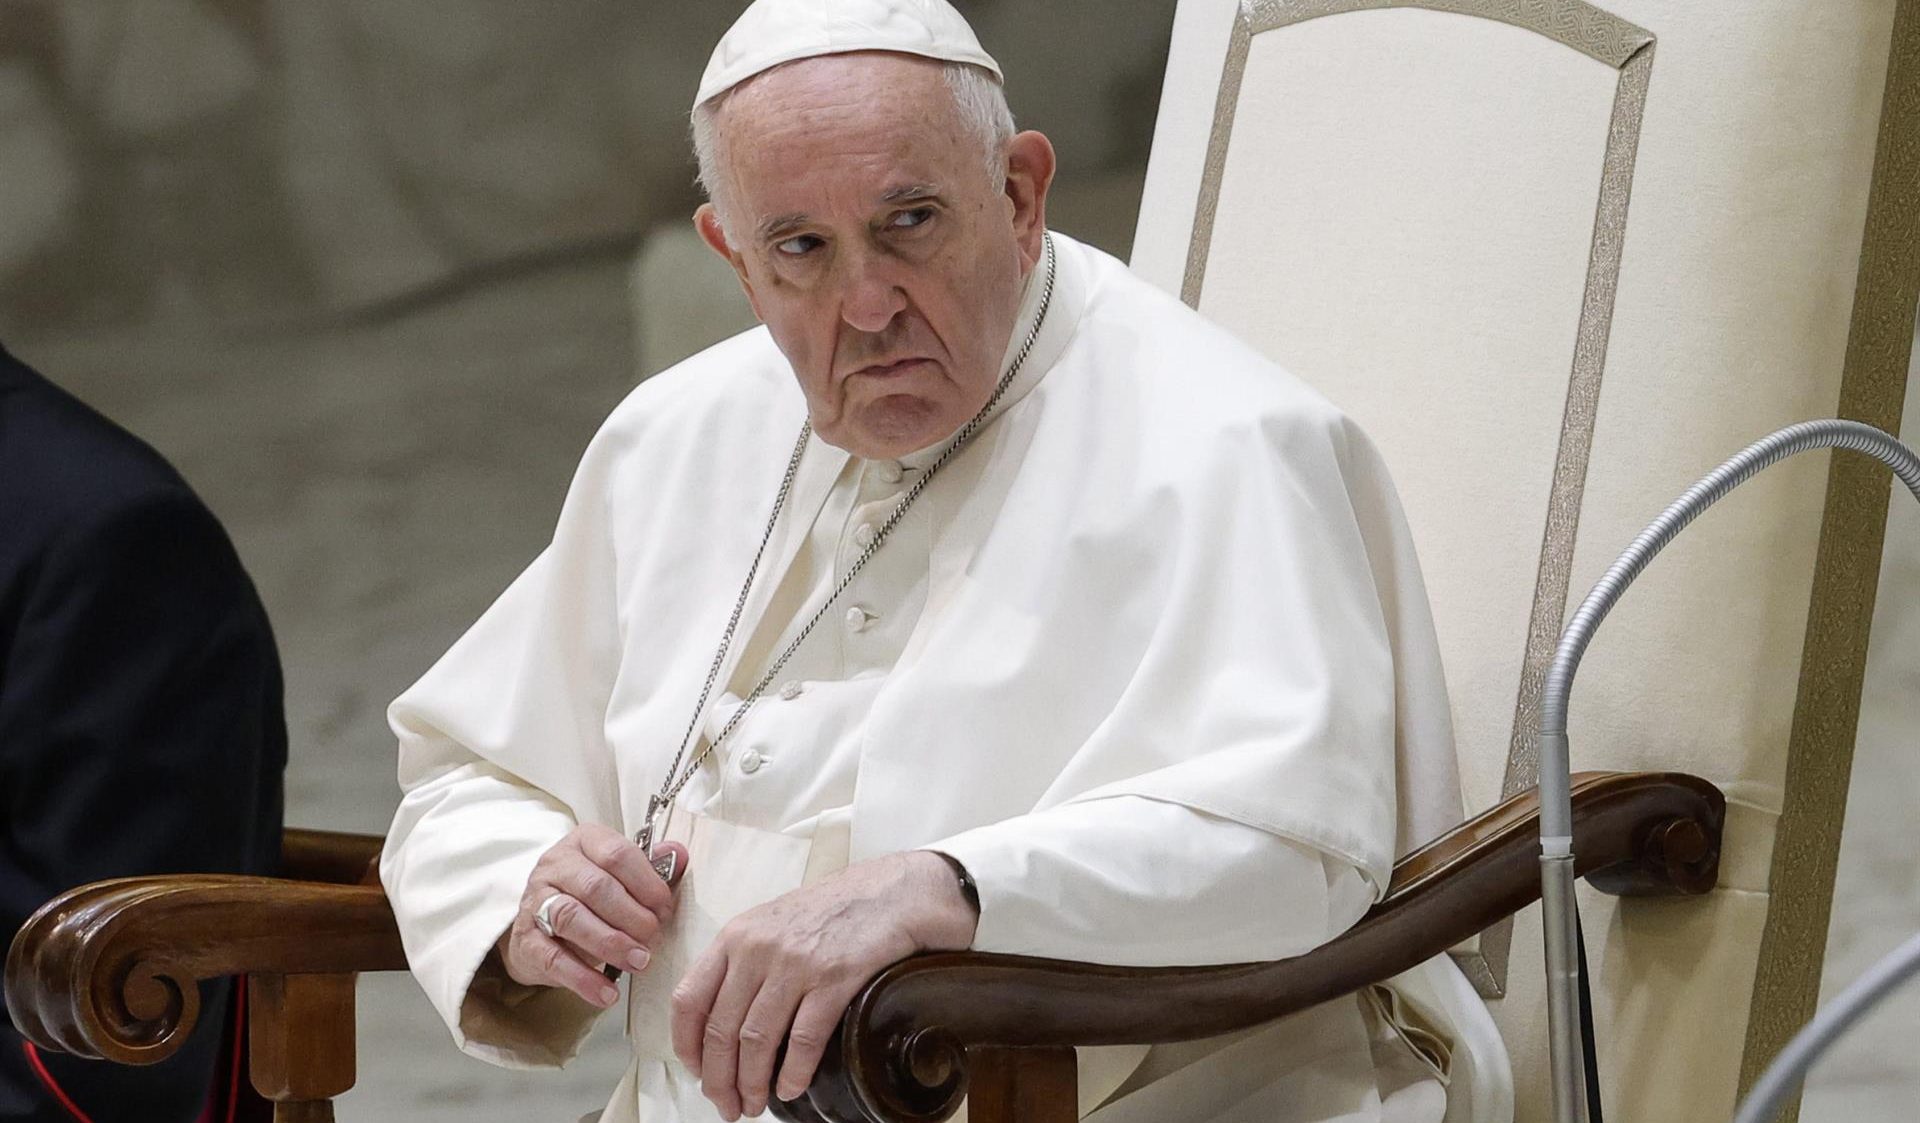 El papa Francisco confirmó que dialoga con el régimen de Nicaragua
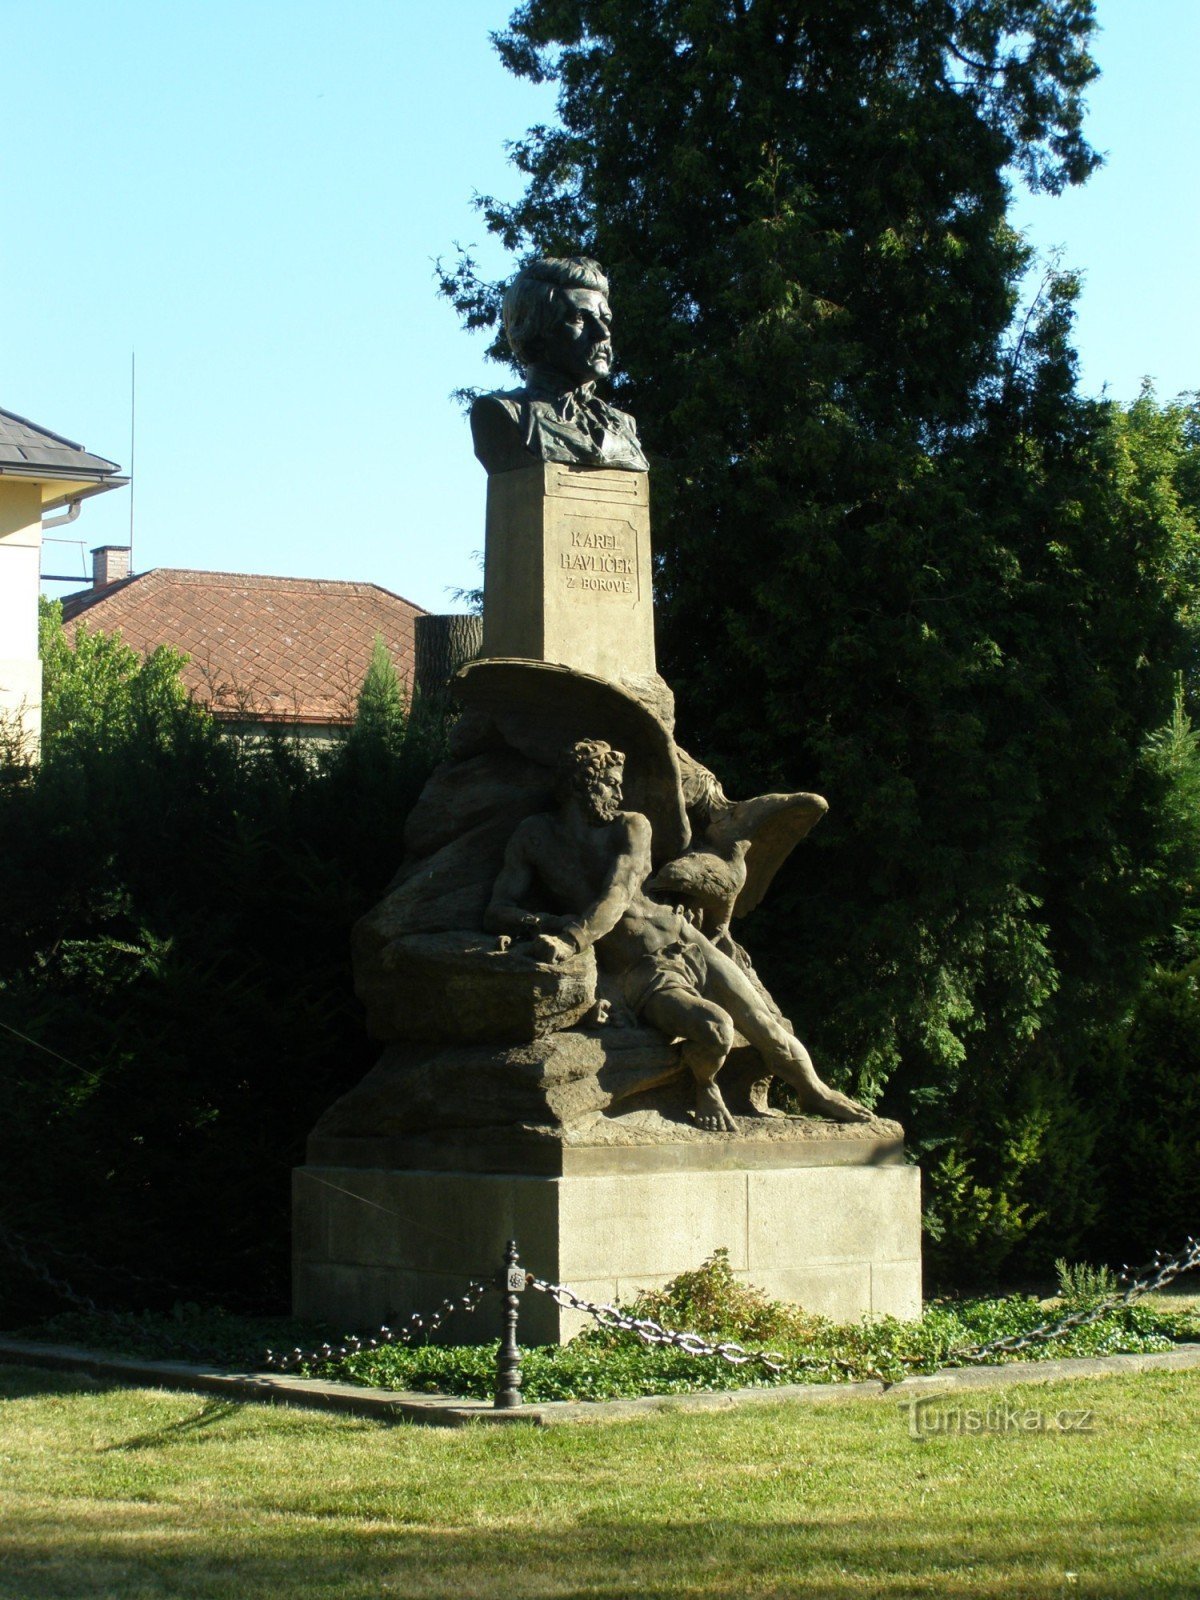 Jičín - Prometheuksen patsas KHBorovskyn rintakuvalla
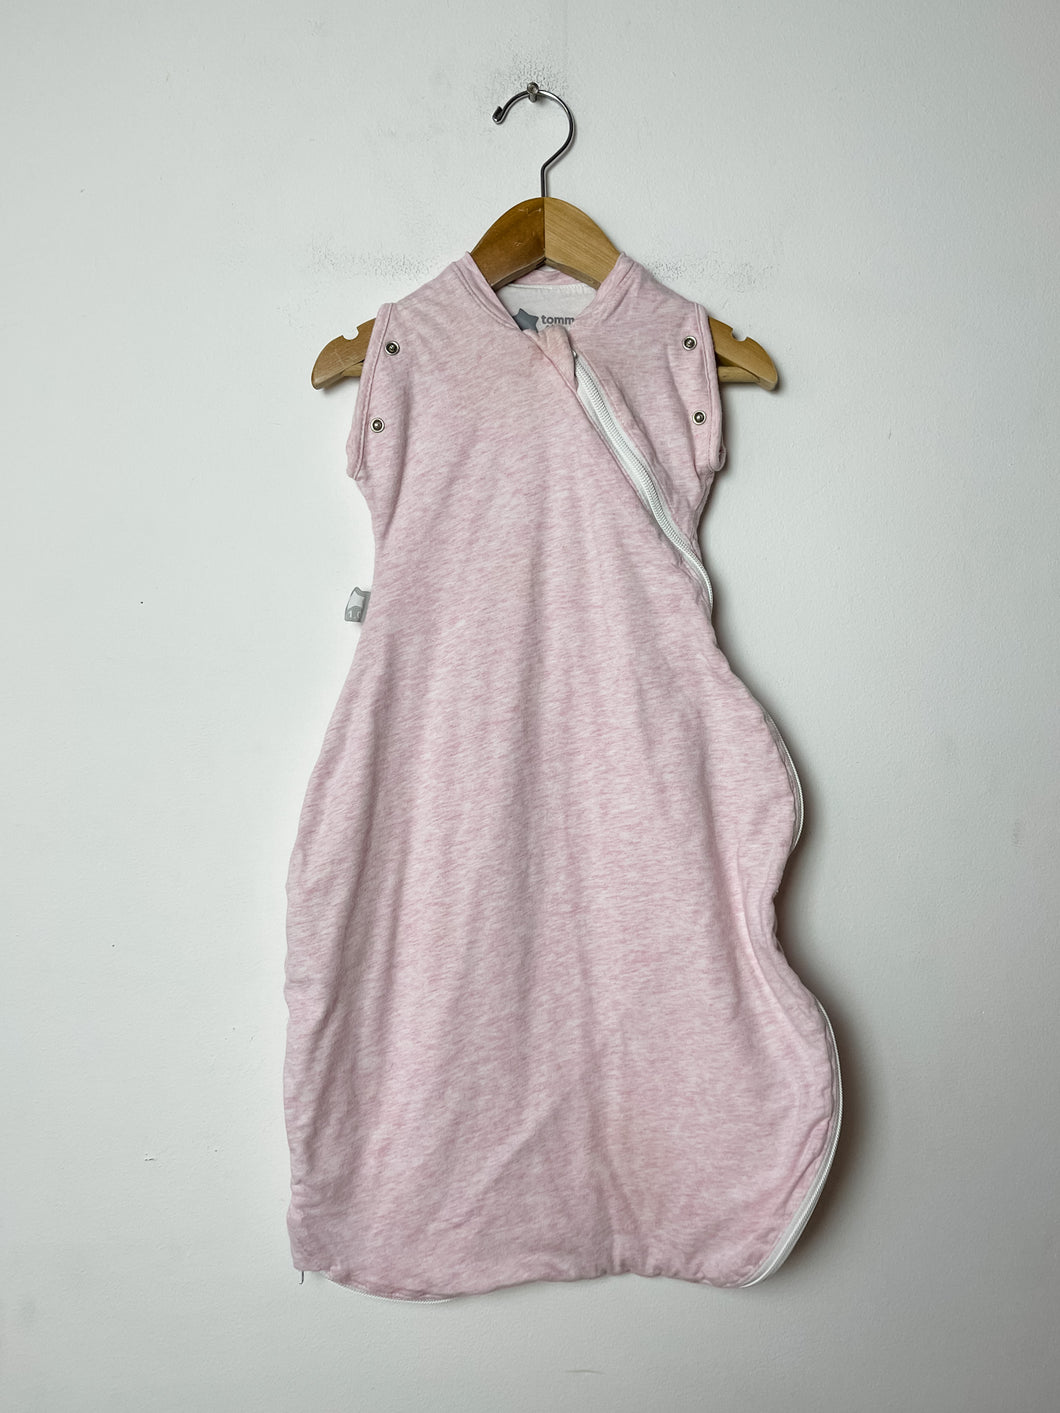 Pink Tommee Tippee Sleepsack Size 3-9 Months

-*-*-

#### [ASSIGNED TASK]
For this exercise, transcribe the data exactly but without its pictures.

#### [ANSWER TO THIS TASK]
 El papa Francisco confirmó que dialoga con el régimen de Nicaragua
 Jičín - Prometheuksen patsas KHBorovskyn rintakuvalla
 Pink Tommee Tippee Sleepsack Size 3-9 Months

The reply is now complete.